Last week, Alex Tabarrok wrote a position as a Marginal Revolution.Is social security a ponzine system?‘
His answer is.
In 2001, I reminded me of what I wrote about social security. Joy of freedom: Economist’s Odyssey.
Next is the beginning of the intestine.
I scratch the present [Social Security] If you change the system to the system, add a name to the bottom of the list, send money to the person at the top of the list, and then replace you. . . Oh, wait, it is our current system.
—Barry, “Elections can be able to kiss most orifice.” Miami HeraldSeptember 24, 2000
In 1991, Stephen Banus, one of my students, wrote a letter to the Social Security Bureau to the Social Security Bureau and the Social Security Bureau, which asked for information on the benefits he could receive. Gwen Dollyn King, the head of the social security director, wrote again in a letter form.
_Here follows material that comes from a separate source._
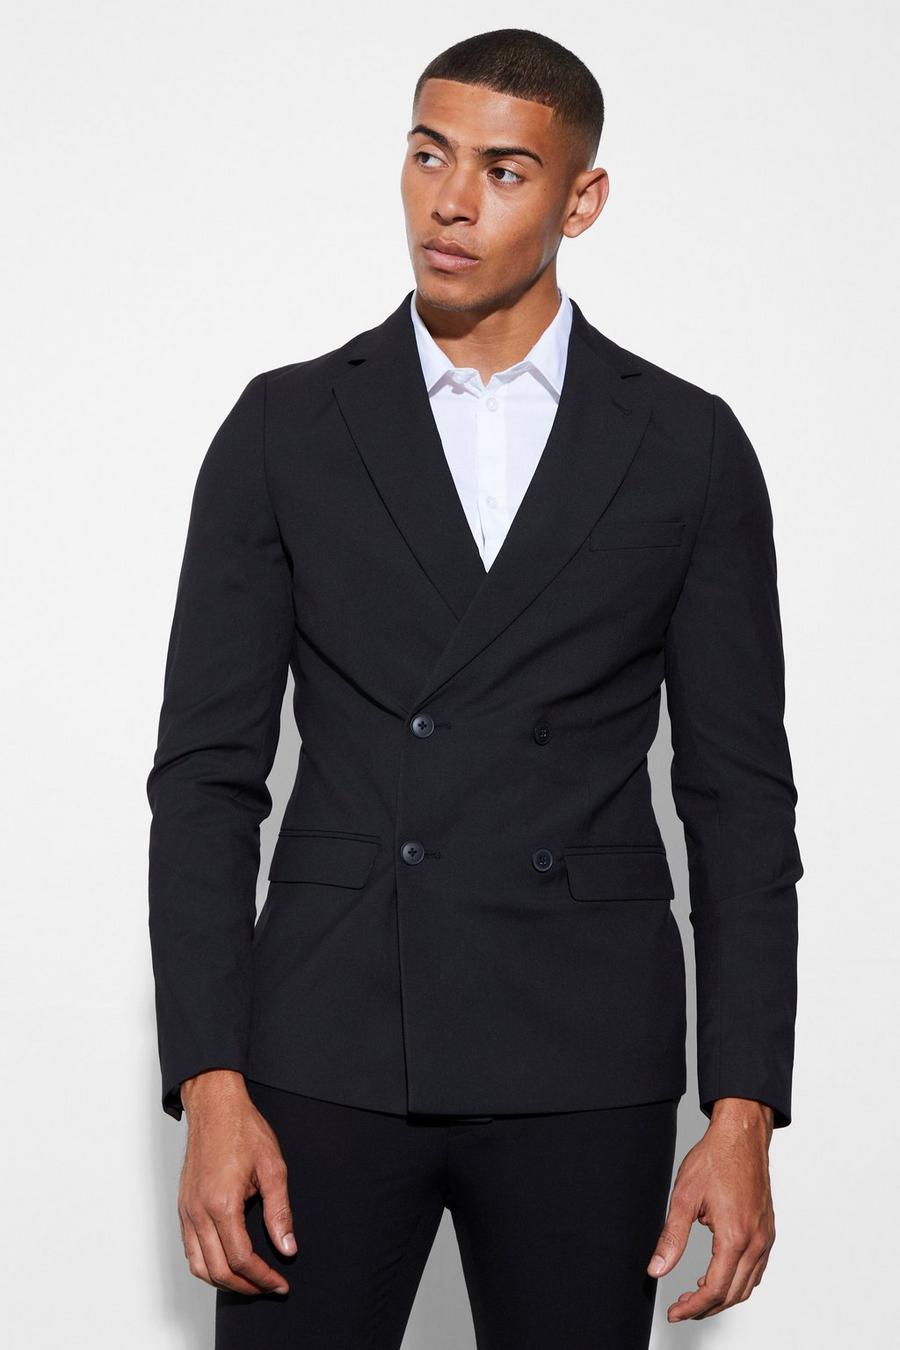 שחור nero ז'קט חליפה סופר סקיני עם דשים כפולים

I would like to be sure that social security is based on sound financial foundation. There will be social security benefits when needed.
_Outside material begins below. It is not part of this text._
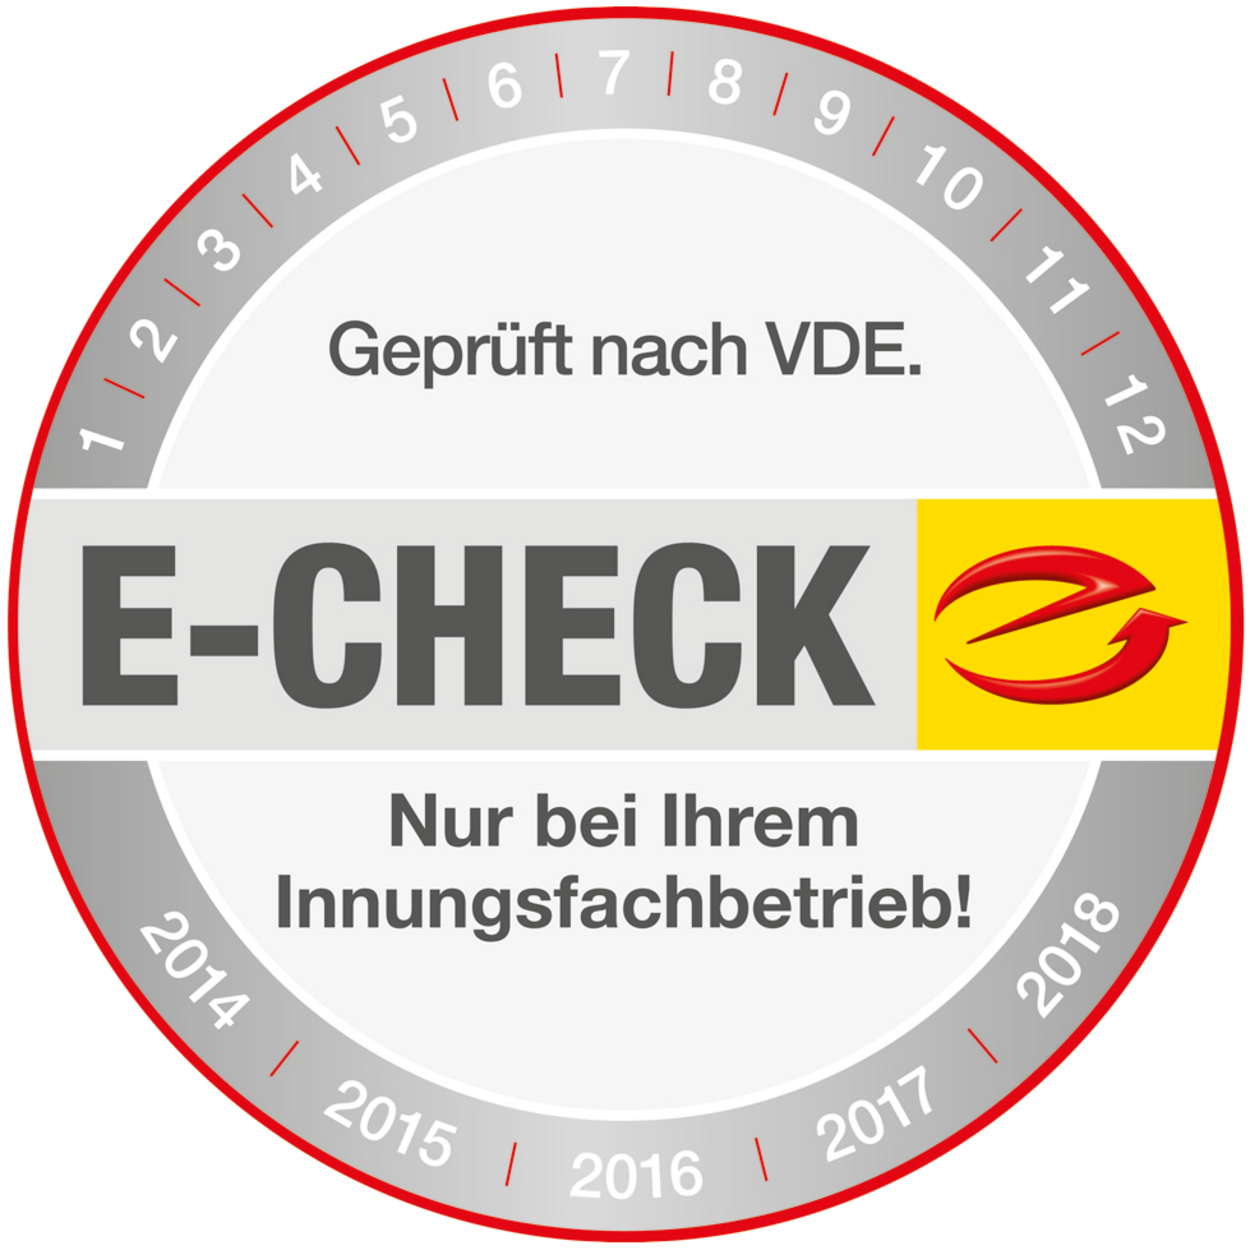 Der E-Check bei Hans-Dieter & Maik Zoberbier GbR in Luckenwalde

Banus, a prudent person and a good planner, sent a similar request in 1995. This time, the message of the letter form was different. Shirley Chater Social Security Director wrote:
According to the latest report of the Social Security Council, the social security system can benefit for about 35 years. This means that Congress has time to make changes to protect the financial future of the program.
In just four years, the commissioner reduced the blanket confidence that in just four years, the benefits of “when needed” would be “about 35 years”. What happened between 1991 and 1995?
In fact, nothing happened for four years, except that the director of the Social Security Bureau in 1995 was more frustrating than her opponent in 1991. The fact is that social security is never on a “sound financial foundation.” Unlike the official propaganda of the Social Security Bureau, there is no real trust fund. About 80 %of the salary taxes collected from workers are sent to the current retiree as a simple stay in Washington. The government spends the remaining money on other items. The so -called trust fund includes bonds created by the government. This bond is simply iOUS from another branch of the government. Chris Zehn, the deputy director of the parliamentary budget office, compares these bonds every year and compares them with a note that puts their children’s university education boxes. The memo says, “I am owing $ 5,000 for my daughter’s college fund.” After 18 years of savings, when the child is 18 years old, he opens a box and has 18 useless piece of paper, not $ 90,000.
Those who retired in the early 1940s have benefited from paying low -wage taxes for only a few years. However, these retirees have received much lower profits so that the system is “maturity” so that the current retirees pay their social security tax on their entire labor life.
Civilians who founded such a financial chat will go to prison. In fact, he did. His name was Charles Ponzi, and he was arrested as a promising investor who could double the money in 90 days in 1920, and later used the proceeds of the participants to keep his promise. Therefore, it was born under the term “Ponzi Scheme”.
There are two main differences in Ponzi’s original morale and social security system. The first difference is that social security is operated by the government, and the constitution and suspicious ethics are legal. The second difference comes from the first. Ponzi had to rely on the sucker, but the government can use and use power. It is true that the government mentions social security taxes. About 10.6 %of the income of all workers to all workers’ income for all workers in 2001 means “donation” with 1.8 %, 2.9 %for 1.8 %for disability insurance. But don’t contribute. It was in 1961 that Valentine Byler, Amish Farmer in New Will Mington, Pennsylvania. His religion taught that members should take care of each other and tried to act on religious beliefs by not paying social security taxes. The IRS responded by seizing three words and selling $ 308.96 for unpaid taxes.
The new line of social security stations is that the fund is solvent by 2037. In fact, government officials, which mean, will be sold to the US Treasury, the end of the special federal government bonds that the Social Security Bureau thought and maintained by 2037. The “sales” of this bond is simply a transfer between the government’s left hand and right hand. In order to secure cash for this bond, the Treasury must rise, increase taxes, or reduce other expenses.
Therefore, more relevant dates are when the government’s salary pays began to exceed interest on pay taxes and bonds. In other words, it is when the bond is first sold and the government has to pay extra cash. The date of the date will be the current project, and the retirement of the baby boomers will be about two -thirds.
In the late 1990s, the government’s own insurance acts estimated that in order to maintain the promised benefits, it should rise more than 18 % from 12.4 % from the current level in decades. At 18 %, social security taxes will be about 7.5 %of the total GDP. However, not only social security taxes, but all sources of federal income have been maintained within 18-20 %of GDP since the early 1950s. If this historical constant is maintained, the social security program alone will account for about 40 %of the total tax revenue collected by the federal government, and the remaining 60 %should pay for interest on medical, debt, defense and federal government. It doesn’t seem to be unlikely. In other words, the probability of raising the social security tax rate means that it is quite small. Therefore, at some point in the future, benefits should be less than promise.